What you are asked to do =
Your reply should be a single number, the count of lines in the records that contain "Hand".

>>>

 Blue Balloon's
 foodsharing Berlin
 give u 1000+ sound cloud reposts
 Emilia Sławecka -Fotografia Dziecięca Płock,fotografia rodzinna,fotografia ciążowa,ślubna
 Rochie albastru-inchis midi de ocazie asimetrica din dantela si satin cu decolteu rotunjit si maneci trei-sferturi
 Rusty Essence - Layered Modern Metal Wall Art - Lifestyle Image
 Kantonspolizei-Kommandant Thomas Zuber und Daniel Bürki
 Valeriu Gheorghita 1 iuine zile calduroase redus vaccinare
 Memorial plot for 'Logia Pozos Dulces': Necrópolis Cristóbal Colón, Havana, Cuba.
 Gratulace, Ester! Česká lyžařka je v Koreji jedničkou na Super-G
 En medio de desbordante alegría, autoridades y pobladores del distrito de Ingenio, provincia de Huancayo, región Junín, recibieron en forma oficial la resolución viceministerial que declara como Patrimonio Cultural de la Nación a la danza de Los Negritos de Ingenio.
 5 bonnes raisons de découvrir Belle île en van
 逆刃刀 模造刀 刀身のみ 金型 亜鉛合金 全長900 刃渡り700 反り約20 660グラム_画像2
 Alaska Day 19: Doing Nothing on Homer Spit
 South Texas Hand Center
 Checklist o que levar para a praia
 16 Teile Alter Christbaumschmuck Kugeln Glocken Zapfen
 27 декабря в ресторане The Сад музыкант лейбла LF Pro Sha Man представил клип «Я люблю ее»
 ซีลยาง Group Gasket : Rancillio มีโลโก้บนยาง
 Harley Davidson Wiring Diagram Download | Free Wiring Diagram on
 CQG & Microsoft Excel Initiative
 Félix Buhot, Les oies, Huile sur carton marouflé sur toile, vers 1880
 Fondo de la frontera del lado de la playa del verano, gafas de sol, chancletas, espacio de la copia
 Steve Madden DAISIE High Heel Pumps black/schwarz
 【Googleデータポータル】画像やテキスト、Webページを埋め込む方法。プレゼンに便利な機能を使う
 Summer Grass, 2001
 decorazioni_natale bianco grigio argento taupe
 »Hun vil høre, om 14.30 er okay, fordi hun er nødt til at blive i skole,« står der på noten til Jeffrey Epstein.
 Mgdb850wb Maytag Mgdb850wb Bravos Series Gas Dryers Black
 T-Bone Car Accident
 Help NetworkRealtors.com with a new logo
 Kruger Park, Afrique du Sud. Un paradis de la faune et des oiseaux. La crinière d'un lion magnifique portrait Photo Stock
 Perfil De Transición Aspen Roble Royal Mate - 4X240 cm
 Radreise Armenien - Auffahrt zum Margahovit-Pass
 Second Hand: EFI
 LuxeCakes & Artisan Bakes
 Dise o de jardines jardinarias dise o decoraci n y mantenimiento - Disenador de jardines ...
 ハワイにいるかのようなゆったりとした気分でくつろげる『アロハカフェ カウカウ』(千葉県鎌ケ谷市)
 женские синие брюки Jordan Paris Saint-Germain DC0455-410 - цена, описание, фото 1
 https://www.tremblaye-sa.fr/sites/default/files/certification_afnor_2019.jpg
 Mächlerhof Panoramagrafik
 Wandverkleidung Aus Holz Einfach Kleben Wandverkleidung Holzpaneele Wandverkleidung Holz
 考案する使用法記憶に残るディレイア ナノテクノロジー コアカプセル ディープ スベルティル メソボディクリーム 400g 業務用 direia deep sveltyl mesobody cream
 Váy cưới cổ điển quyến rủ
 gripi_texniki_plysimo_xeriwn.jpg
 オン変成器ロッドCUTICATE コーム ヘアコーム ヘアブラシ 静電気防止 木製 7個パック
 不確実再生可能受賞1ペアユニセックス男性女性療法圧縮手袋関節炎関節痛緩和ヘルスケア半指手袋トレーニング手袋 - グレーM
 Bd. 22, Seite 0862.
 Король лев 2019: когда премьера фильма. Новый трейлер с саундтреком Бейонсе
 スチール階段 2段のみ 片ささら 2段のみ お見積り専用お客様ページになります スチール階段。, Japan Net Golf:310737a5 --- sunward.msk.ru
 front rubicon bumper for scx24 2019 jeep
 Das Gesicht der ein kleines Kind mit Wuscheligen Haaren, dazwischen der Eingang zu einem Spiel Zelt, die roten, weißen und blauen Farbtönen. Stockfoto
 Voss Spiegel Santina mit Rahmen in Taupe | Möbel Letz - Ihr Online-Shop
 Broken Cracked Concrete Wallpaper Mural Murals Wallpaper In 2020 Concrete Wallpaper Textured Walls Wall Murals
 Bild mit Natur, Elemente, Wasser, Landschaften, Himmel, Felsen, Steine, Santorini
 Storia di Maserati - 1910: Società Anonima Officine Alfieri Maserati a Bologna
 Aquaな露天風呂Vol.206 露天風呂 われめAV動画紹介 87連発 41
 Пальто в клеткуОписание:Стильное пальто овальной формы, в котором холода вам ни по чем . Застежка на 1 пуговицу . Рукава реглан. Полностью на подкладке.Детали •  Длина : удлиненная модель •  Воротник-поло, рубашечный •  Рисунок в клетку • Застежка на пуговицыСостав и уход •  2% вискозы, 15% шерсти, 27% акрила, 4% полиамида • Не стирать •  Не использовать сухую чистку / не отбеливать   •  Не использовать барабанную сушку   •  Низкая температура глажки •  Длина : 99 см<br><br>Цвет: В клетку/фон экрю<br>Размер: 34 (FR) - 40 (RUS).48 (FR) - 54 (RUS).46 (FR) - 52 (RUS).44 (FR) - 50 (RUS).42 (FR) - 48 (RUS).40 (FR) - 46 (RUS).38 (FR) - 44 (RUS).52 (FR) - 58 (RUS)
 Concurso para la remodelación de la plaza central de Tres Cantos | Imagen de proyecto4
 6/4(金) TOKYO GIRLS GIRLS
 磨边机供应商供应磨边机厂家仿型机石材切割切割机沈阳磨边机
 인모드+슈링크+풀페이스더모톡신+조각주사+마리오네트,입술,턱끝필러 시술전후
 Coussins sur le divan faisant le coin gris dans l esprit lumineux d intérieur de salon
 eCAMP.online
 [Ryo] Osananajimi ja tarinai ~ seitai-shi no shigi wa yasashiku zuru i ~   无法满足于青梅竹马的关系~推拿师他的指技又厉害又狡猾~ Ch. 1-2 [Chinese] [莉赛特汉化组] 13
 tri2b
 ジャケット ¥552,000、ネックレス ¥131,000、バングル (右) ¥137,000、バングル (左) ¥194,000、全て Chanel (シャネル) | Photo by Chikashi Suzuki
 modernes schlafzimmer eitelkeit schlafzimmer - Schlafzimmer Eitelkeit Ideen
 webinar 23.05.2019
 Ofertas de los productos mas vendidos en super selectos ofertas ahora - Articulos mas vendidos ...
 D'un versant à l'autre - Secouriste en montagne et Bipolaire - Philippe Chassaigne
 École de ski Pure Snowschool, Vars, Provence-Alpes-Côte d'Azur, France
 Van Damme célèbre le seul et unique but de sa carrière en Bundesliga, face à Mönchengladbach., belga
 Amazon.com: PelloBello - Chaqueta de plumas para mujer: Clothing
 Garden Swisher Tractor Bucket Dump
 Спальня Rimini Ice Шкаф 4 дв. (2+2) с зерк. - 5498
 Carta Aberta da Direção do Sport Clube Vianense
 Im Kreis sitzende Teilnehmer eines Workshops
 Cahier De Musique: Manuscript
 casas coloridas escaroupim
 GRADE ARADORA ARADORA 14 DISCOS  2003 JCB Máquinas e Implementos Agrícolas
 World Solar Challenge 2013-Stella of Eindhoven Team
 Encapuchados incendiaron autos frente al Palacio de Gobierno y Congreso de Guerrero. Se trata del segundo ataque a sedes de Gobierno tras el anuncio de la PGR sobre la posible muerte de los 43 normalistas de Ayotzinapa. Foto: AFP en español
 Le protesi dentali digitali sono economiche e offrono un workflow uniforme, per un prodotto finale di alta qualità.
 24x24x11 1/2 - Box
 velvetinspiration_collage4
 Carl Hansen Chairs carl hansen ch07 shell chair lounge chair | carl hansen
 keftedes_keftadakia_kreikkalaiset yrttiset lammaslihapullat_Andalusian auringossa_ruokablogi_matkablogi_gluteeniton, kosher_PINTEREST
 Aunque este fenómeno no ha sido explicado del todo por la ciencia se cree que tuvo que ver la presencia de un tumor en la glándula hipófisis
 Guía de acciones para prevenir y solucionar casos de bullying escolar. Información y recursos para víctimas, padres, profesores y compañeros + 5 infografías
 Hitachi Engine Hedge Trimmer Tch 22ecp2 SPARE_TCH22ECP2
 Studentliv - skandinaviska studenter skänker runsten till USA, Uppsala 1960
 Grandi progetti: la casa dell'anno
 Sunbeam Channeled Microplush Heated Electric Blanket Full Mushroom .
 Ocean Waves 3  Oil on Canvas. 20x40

<<<

Answer box =
2